With that, HB47 then died on a Senate vote of 18-10, with Hinkins on the losing side. The same session on Capitol Hill saw a push to sunset hundreds of state commissions currently on the books, some of which lawmakers say were doing little.

Hinkins said he suspected some legislators did not understand the seismic commission’s work.

Whatever the case, he said, “The people in the Wasatch Front aren’t concerned about it.

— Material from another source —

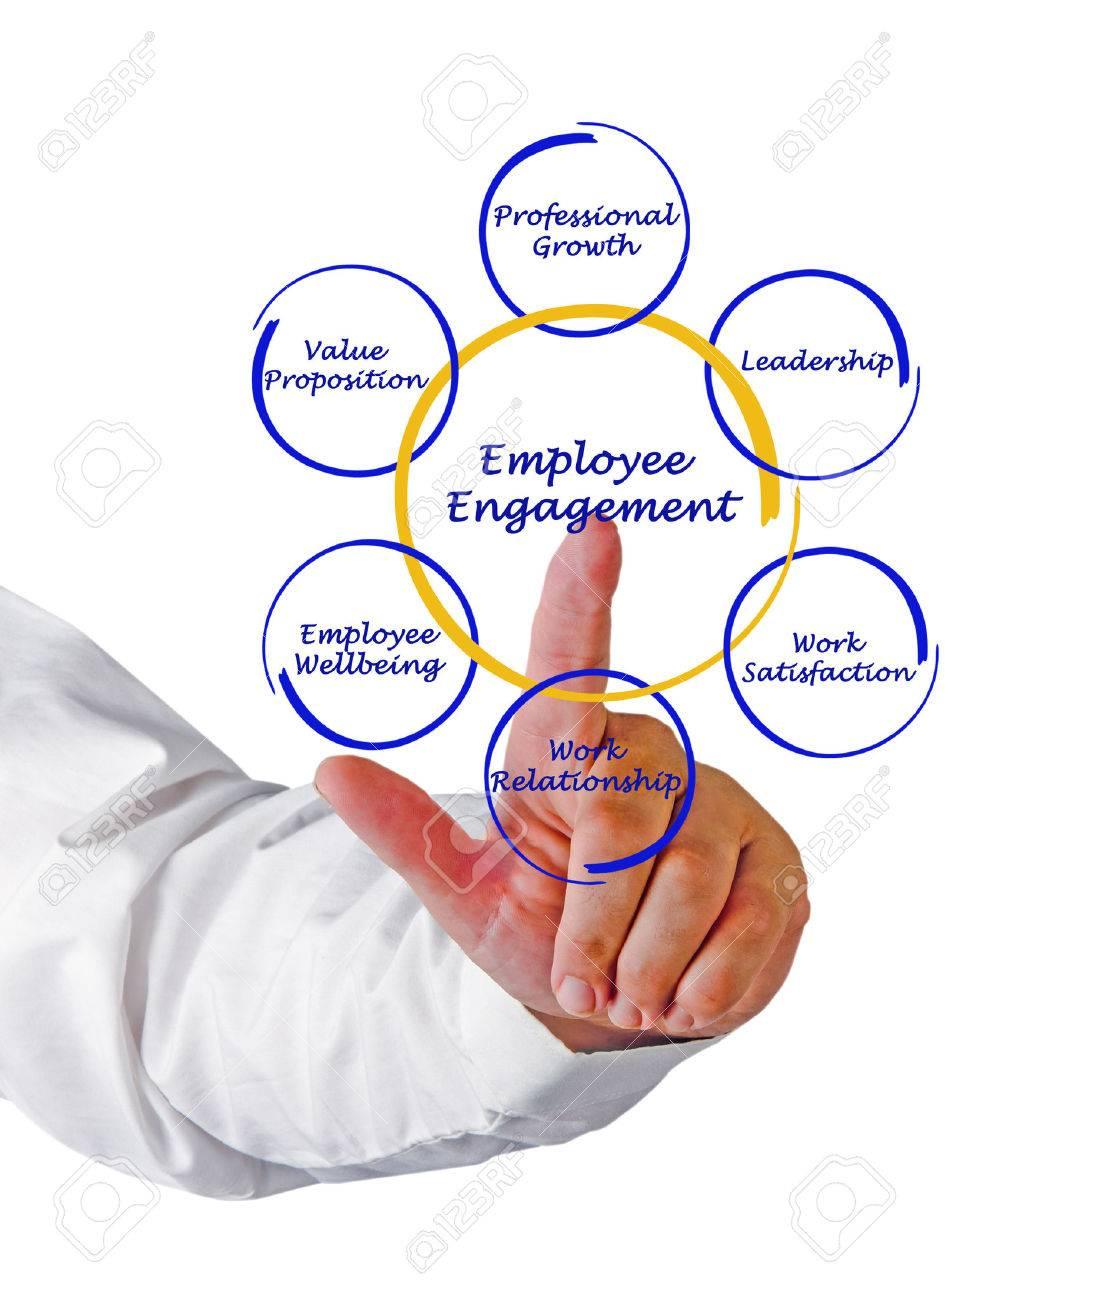 employee engagement Stock Photo - 33424232
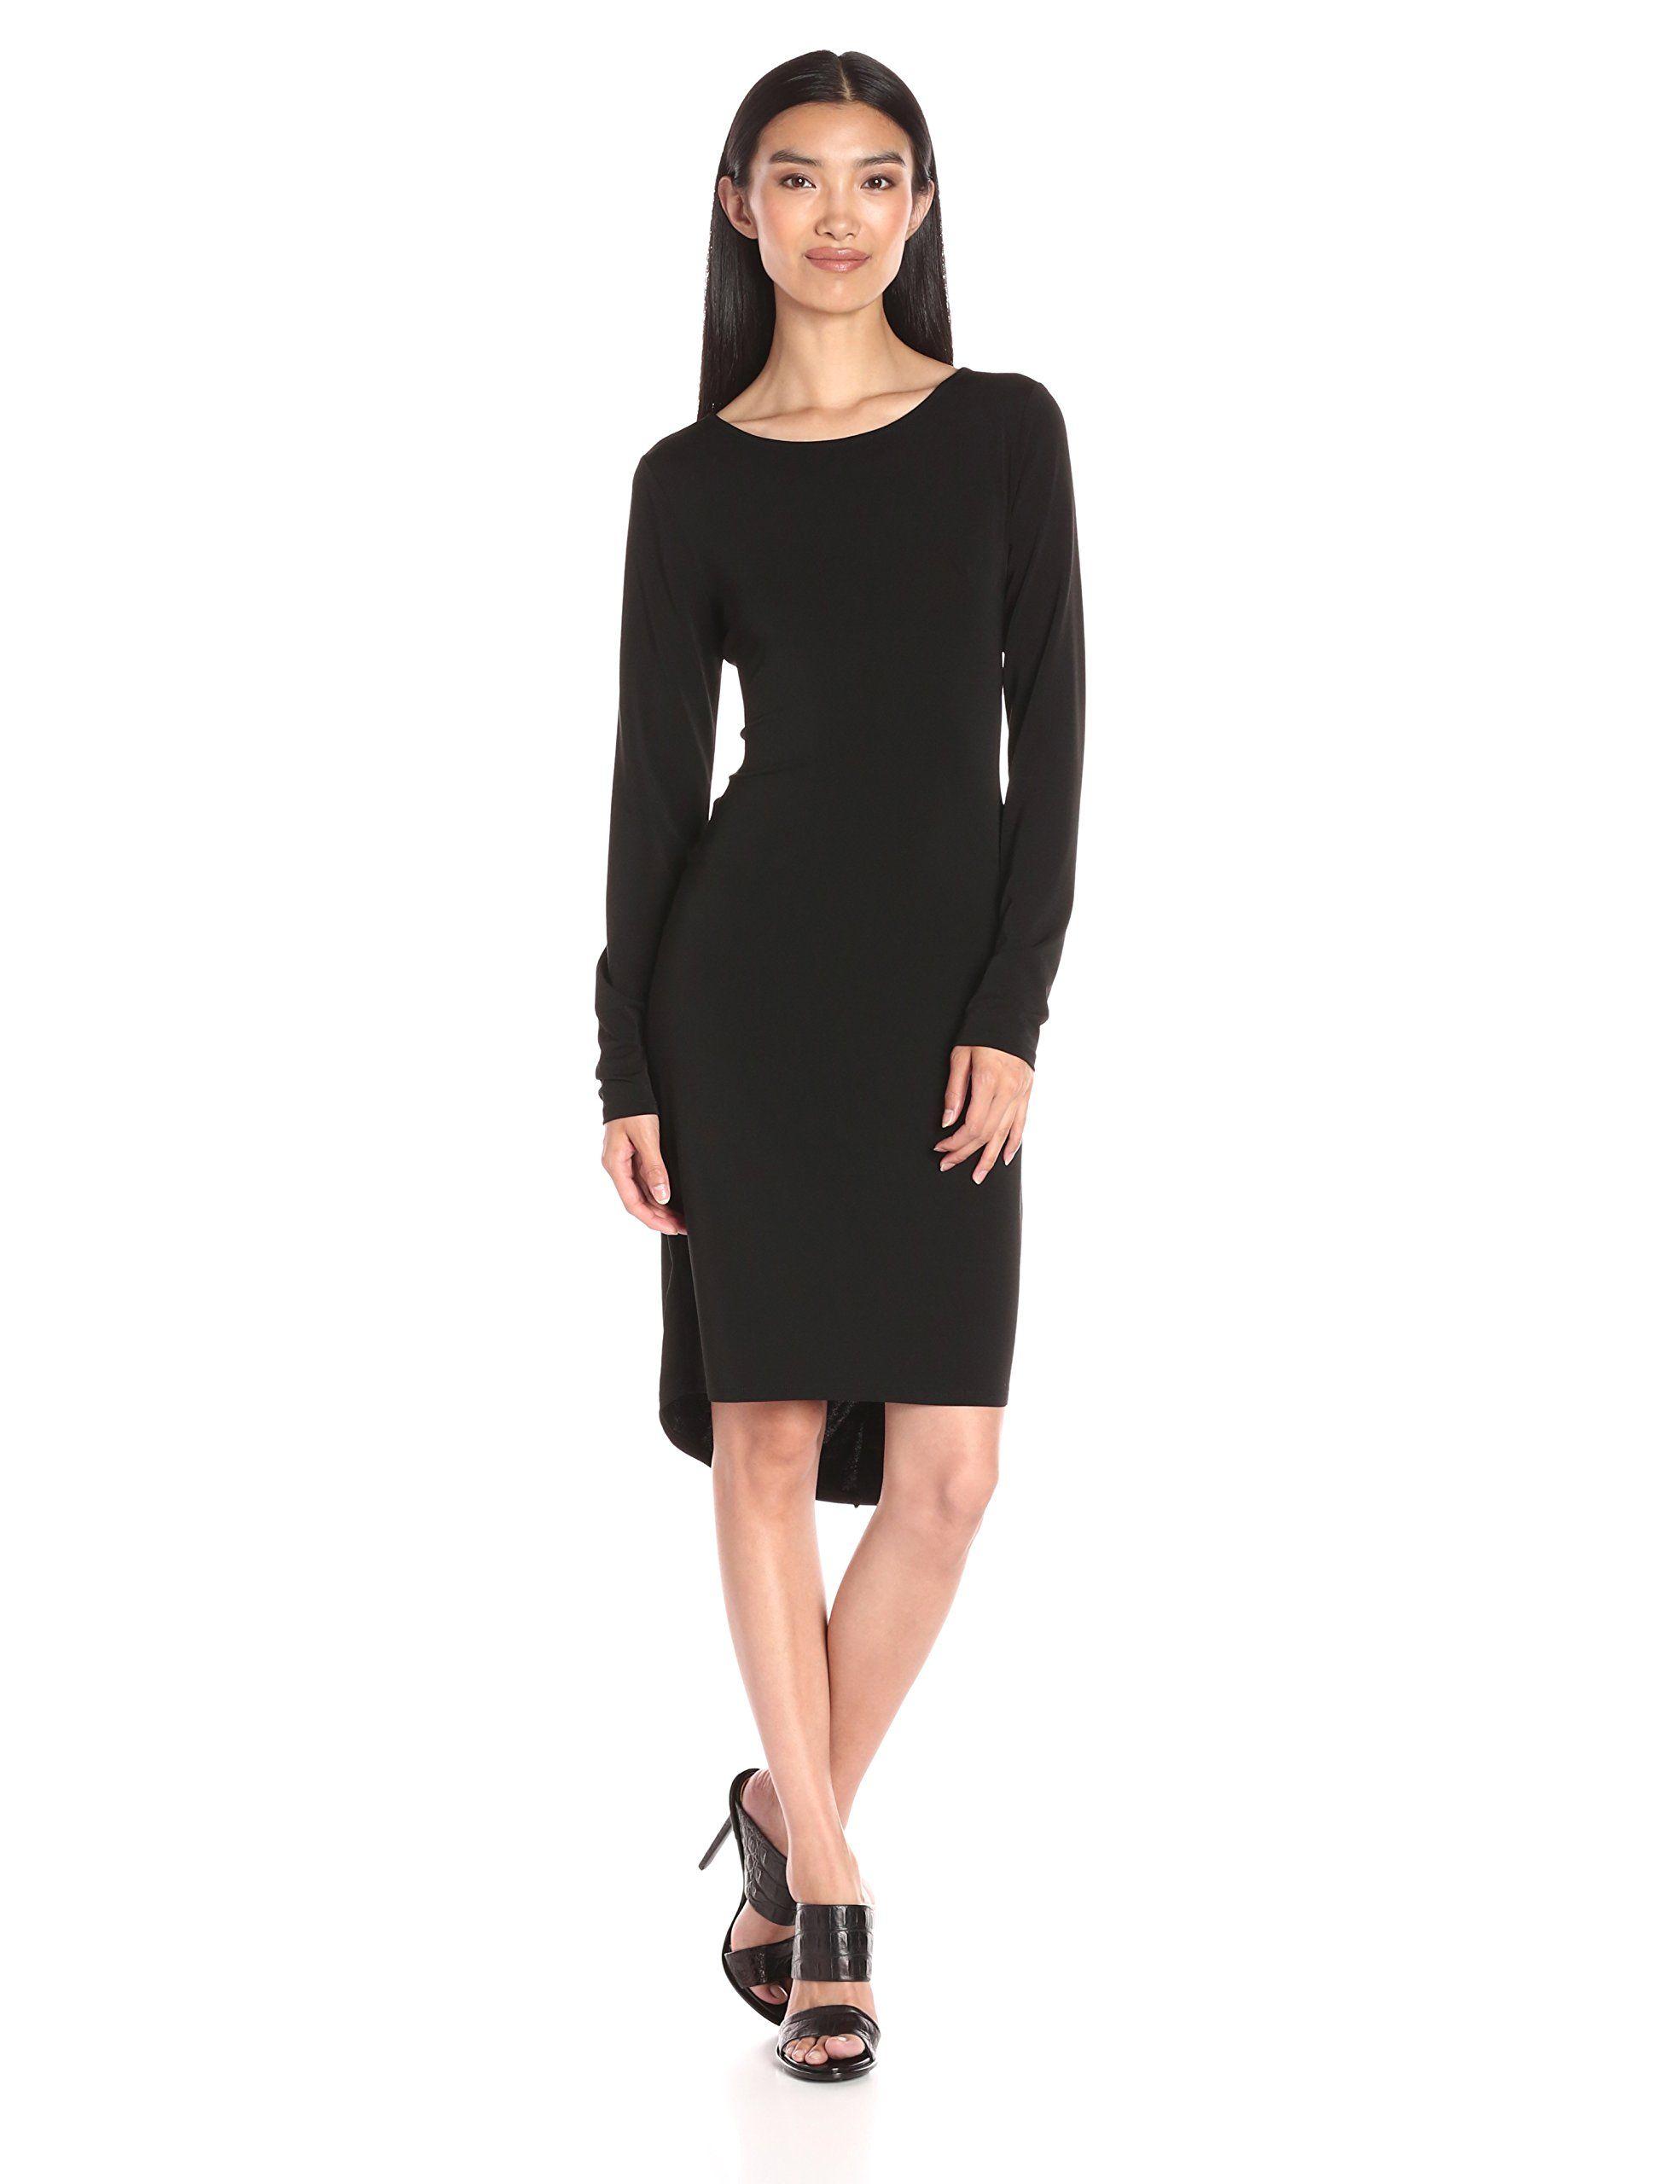 Black t shirt dress knee length - Black Bcbgmax Azria Women S Celia Long Sleeve T Shirt Dress

I sure as hell am not going to be.”

The commission effectively costs taxpayers little, with volunteer experts working with a handful of state employees drawn from relevant agencies.

Welliver said the Legislature’s decision blindsided him.

“We were wary of the fact that we could lose status at some point,” Welliver said, “but we didn’t see that one coming.”

(Trent Nelson | The Salt Lake Tribune) Bricks knocked loose from the VFW Post in Magna during the March 18, 2020, earthquake, as seen on Tuesday, March 24, 2020.

Future risks

Several commission members said they hoped the panel’s work would somehow continue.

While Utah’s current projections on the impacts of the Big One are grim, state experts say they currently lack up-to-date data on its likely effects.

The Magna quake brought new information to light on the region’s fault lines, according to Divya Chandrasekhar, a member of the commission and an associate professor at the U.’s City & Metropolitan Planning Department.

Before lawmakers’ vote to sunset the commission, its experts were seeking funding to model new damage scenarios in order to provide “more fine-grained information that cities can actually act on,” Chandrasekhar explained. “Now we don’t know how to proceed, because there’s only one entity that could undertake something like this, and that is this commission.”

That has led her and others to be concerned about keeping the need for seismic disaster planning in the public view.

“Probably one of the biggest risks we face in our built environment and our economy,” Chandrasekhar said, “is an earthquake.”